Advances and Opportunities in Single-Cell Transcriptomics for Plant Research

Abstract

Single-cell approaches are quickly changing our view on biological systems by increasing the spatiotemporal resolution of our analyses to the level of the individual cell. The field of plant biology has fully embraced single-cell transcriptomics and is rapidly expanding the portfolio of available technologies and applications. In this review, we give an overview of the main advances in plant single-cell transcriptomics over the past few years and provide the reader with an accessible guideline covering all steps, from sample preparation to data analysis. We end by offering a glimpse of how these technologies will shape and accelerate plant-specific research in the near future.

Keywords: cell atlas; cell trajectory; plant transcriptomics; protoplast; scRNA-seq.

Figure 1. Timeline of key events in plant single cell transcriptomics.

Selection of milestones related to the development and establishment of single cell transcriptomics in the plant field are illustrated by green boxes on the timeline. General technological developments are shown in grey and key development outside of the plant field are indicated in pink.

Figure 2. Schematic overview of a typical droplet-based plant scRNA-seq experiment.

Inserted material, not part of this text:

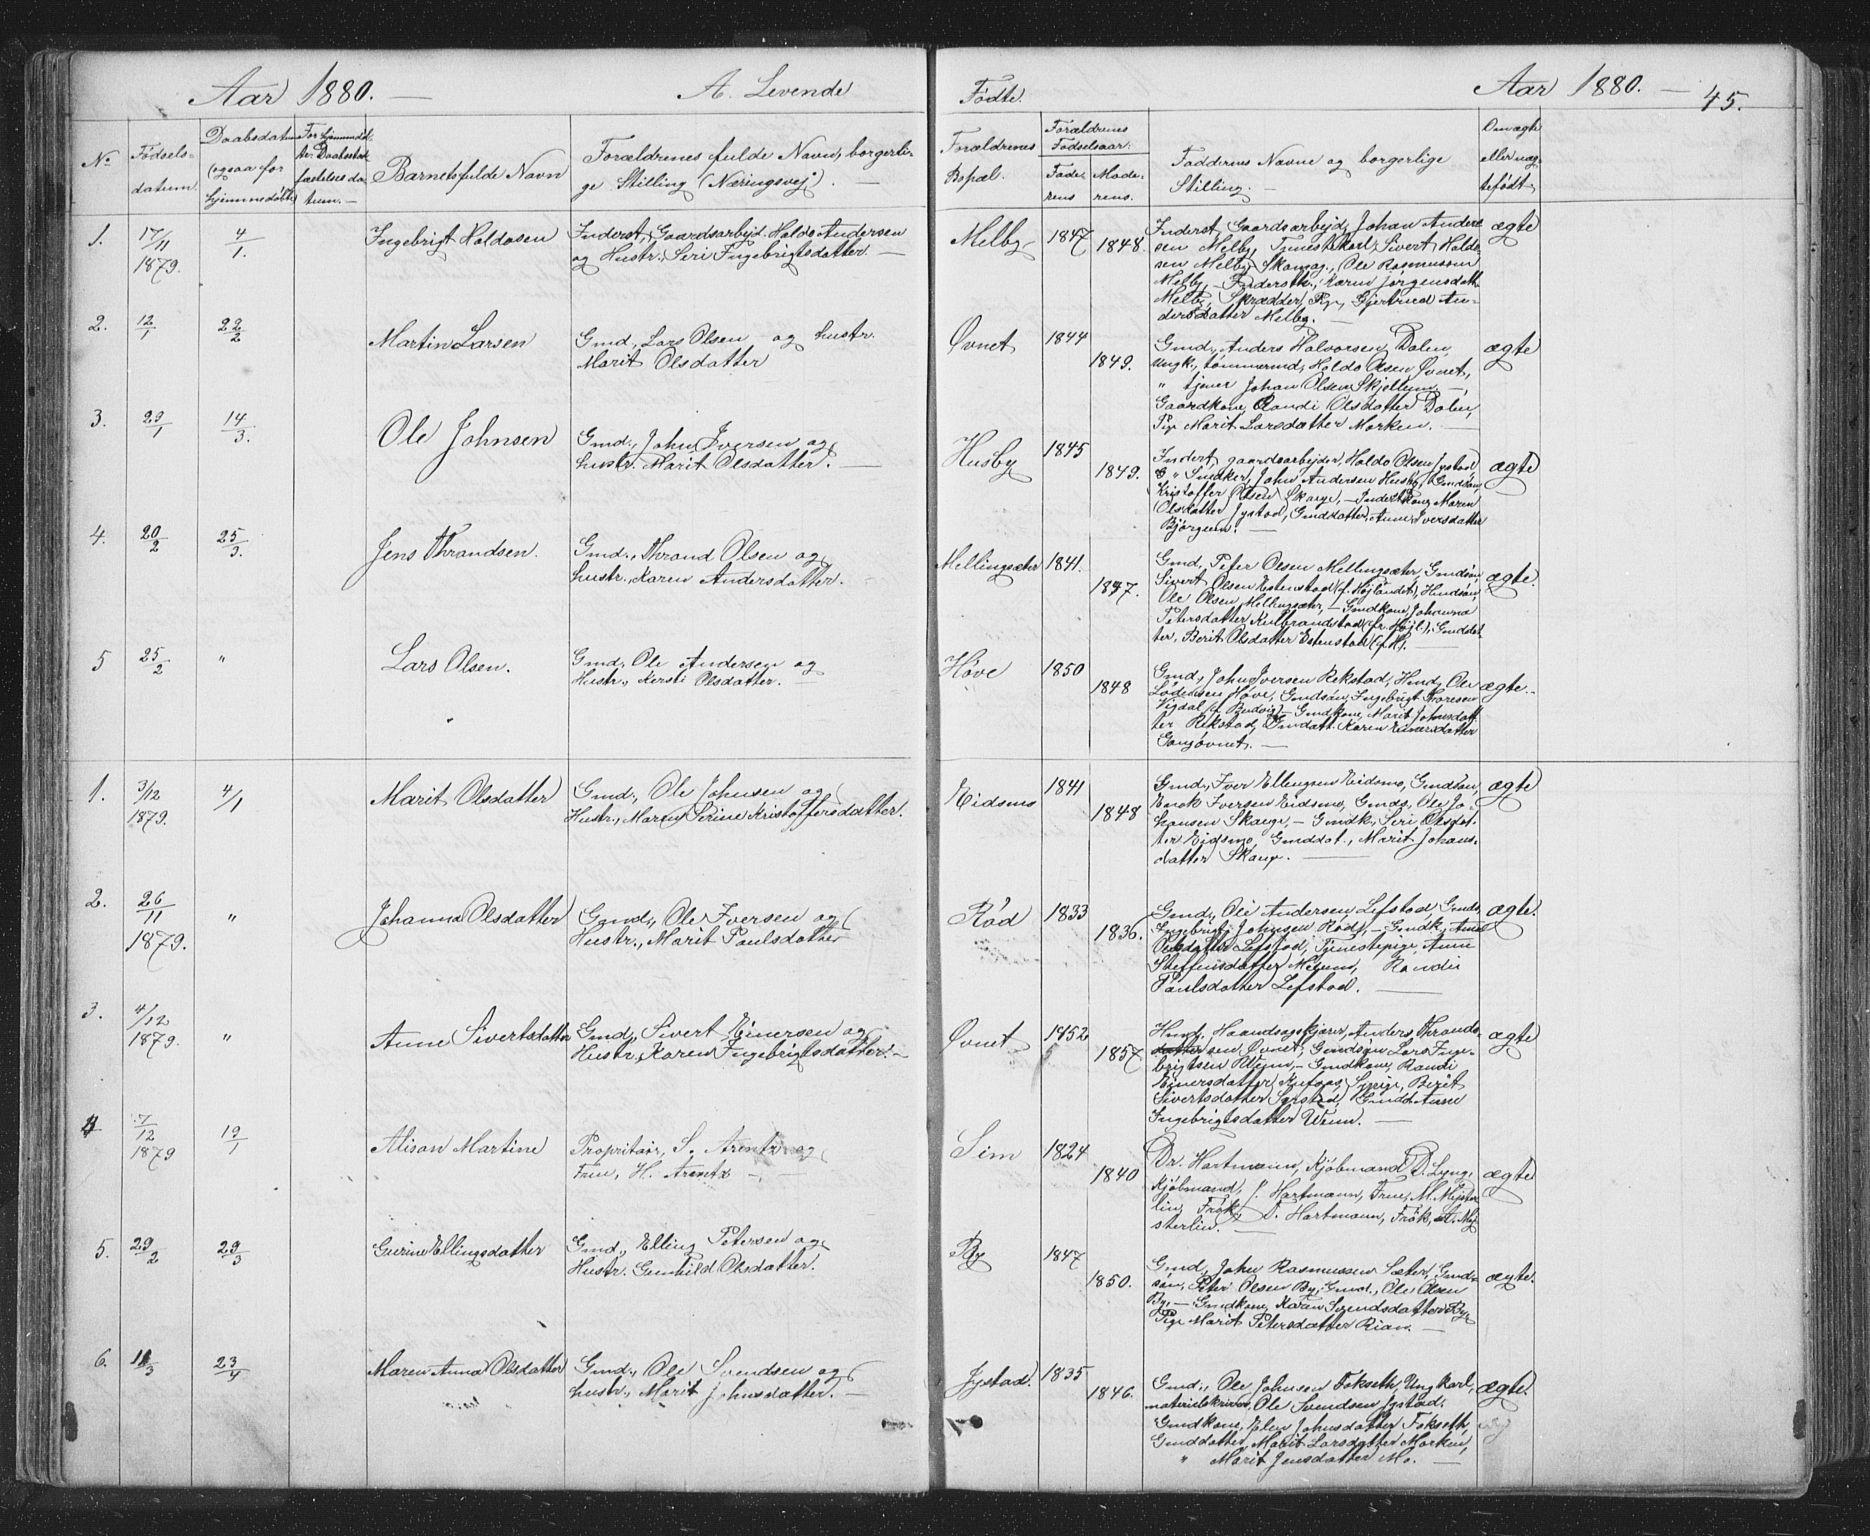 SAT, Ministerialprotokoller, klokkerbøker og fødselsregistre - Sør-Trøndelag, 667/L0798: Klokkerbok nr. 667C03, 1867-1929, s. 45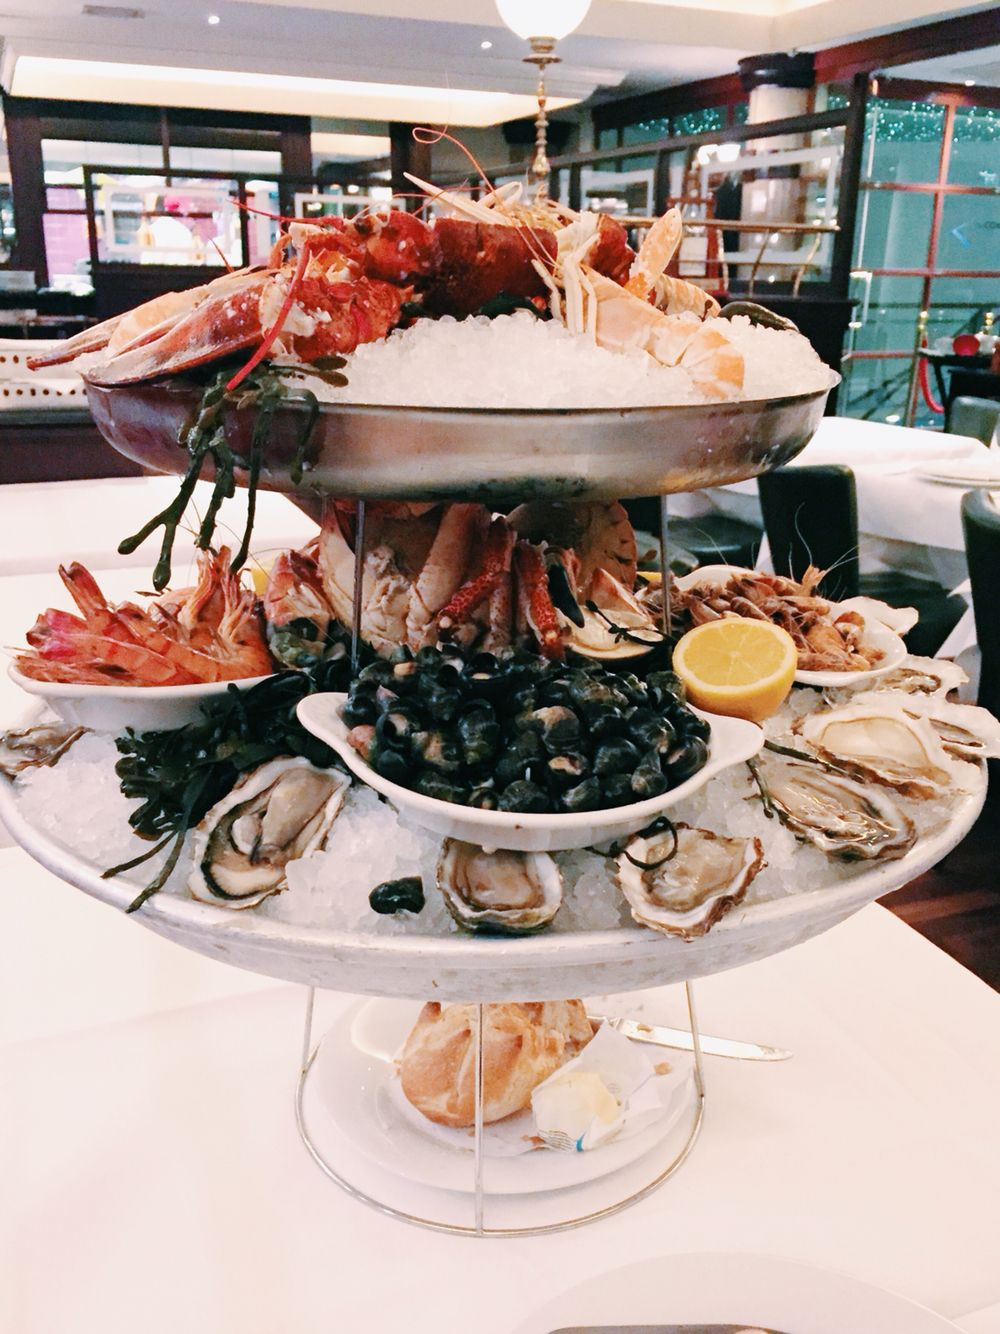 The huge-ass seafood platter

Individual cells are isolated from the tissue containing different cell identities (illustrated by differently colored cells) by enzymatic digestion. As an optional step (dashed line), specific cell populations can be enriched using FACS. Next, cells are compartmentalized together with barcoded beads, buffers, and enzymes required for library preparation into oil droplets. After droplet formation, cells are lysed, and the released mRNAs are bound to the bead; followed by library preparation and next generation sequencing. The data is next filtered and normalized after which the reads are mapped against a reference genome. Dimensionality reduction clustering is performed before assigning cell identities. The resulting data set can then be used to e.g. predict gene regulatory networks or perform trajectory inference analysis.

Figure 3. Application of single cell technologies in plant cell research.

(a-b) Enrichment of subpopulation can be used to identify and characterize cell state changes along a developmental trajectory. Slow transitions between two states suggest gradual changes in the transcriptome, while fast cell state transitions, without intermediate stages, can suggesting a switch-like behavior in the cell states. (c) Ultra high-throughput analysis of ten-to hundreds of thousands of single cells could reveal heterogeneity within cells of the same cell type. The transcriptomes of such exceptional responders carry useful information to understand phenotypic plasticity. (d) Multi-omics single cell approaches can be used to correlate cell-specific transcriptome profiles with gene regulatory elements or other cellular information (metabolome, proteome, etc.). (e) Combining single cell transcriptomic profiles with spatial information can reveal cell-to-cell communication signals as seen in ligand-receptor mediated pathways. (f) Data depository and integration initiatives, like the Plant Cell Atlas, aim to unify experimental conditions and sample processing to allow a standardized analysis and integration of scRNA-seq data sets as valuable community resources.